Data excerpts:
= = = = =
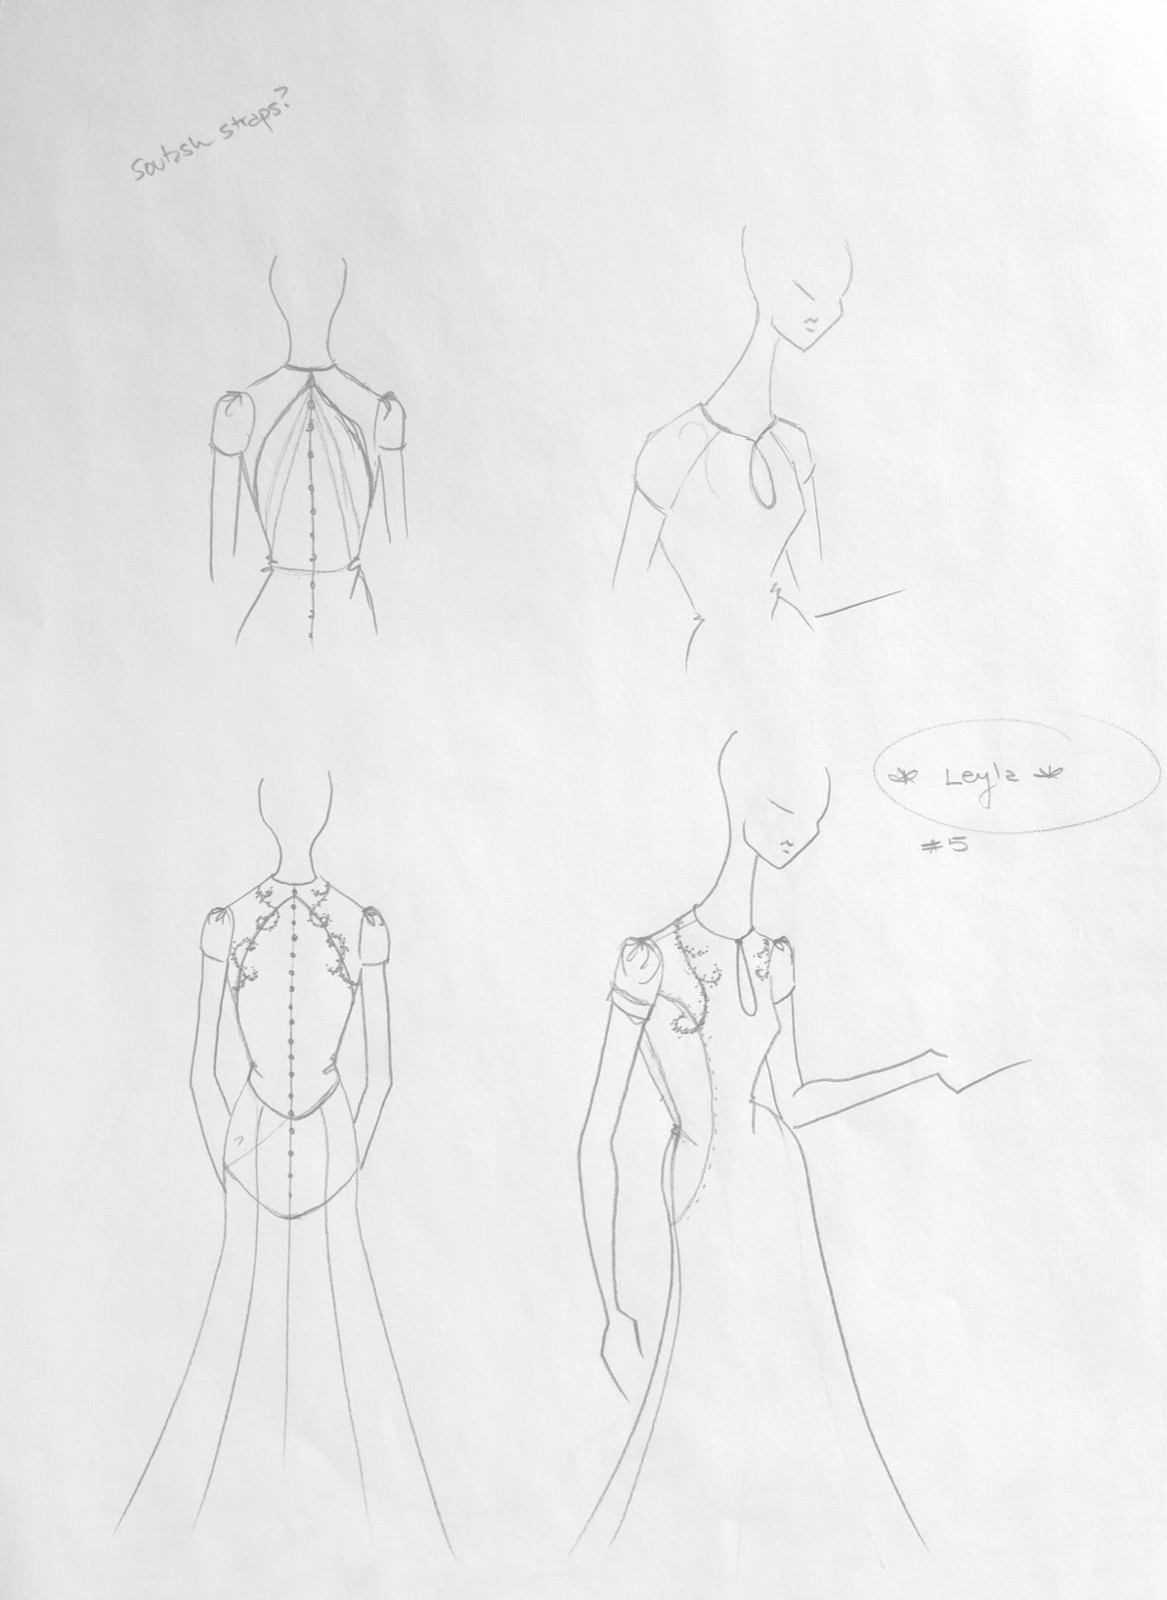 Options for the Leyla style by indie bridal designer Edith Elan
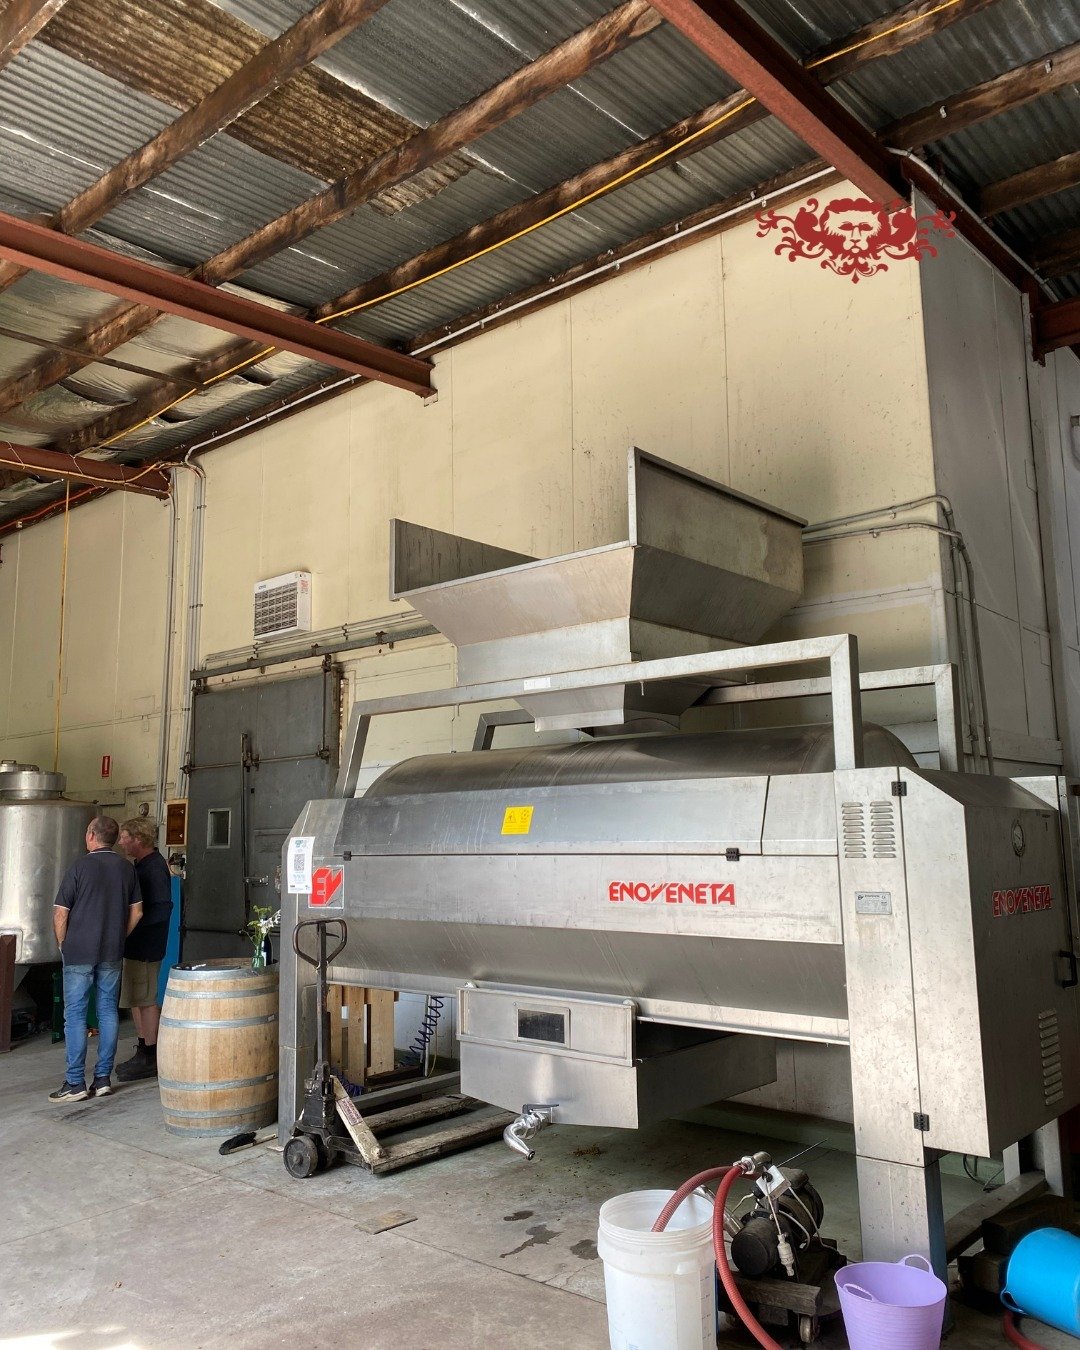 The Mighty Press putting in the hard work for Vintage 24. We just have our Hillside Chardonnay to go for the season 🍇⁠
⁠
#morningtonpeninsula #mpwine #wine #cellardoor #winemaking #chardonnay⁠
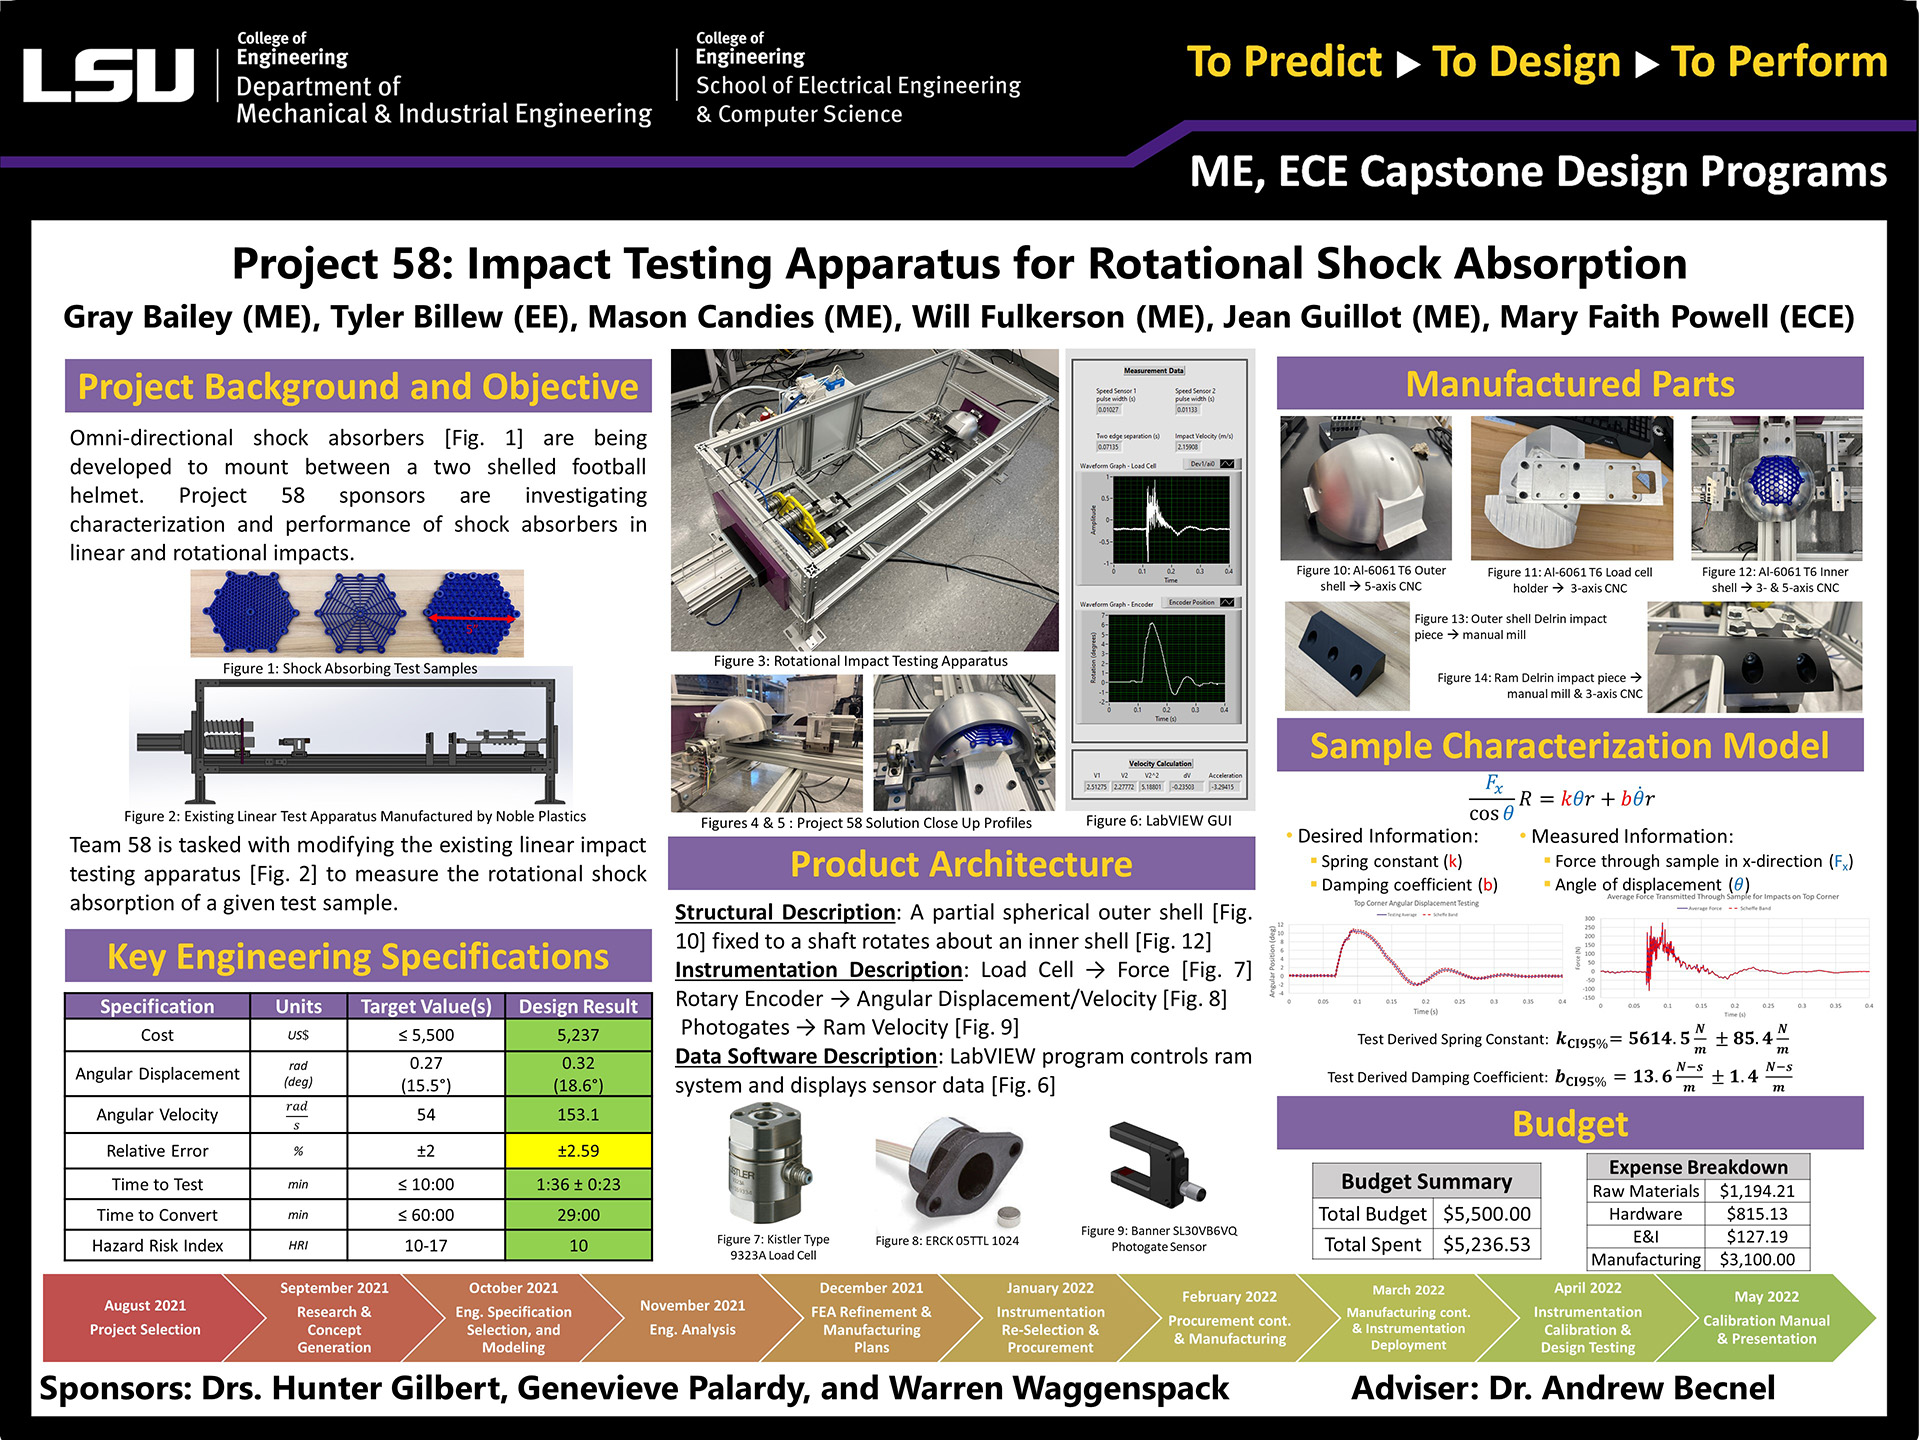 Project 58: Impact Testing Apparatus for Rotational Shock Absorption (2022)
= = = = =
**What the task requires:** Write out all the entries word for word, but drop the pictures.

**Answer to the problem:**
 Options for the Leyla style by indie bridal designer Edith Elan
 The Mighty Press putting in the hard work for Vintage 24. We just have our Hillside Chardonnay to go for the season 🍇⁠
⁠
#morningtonpeninsula #mpwine #wine #cellardoor #winemaking #chardonnay⁠
 Project 58: Impact Testing Apparatus for Rotational Shock Absorption (2022)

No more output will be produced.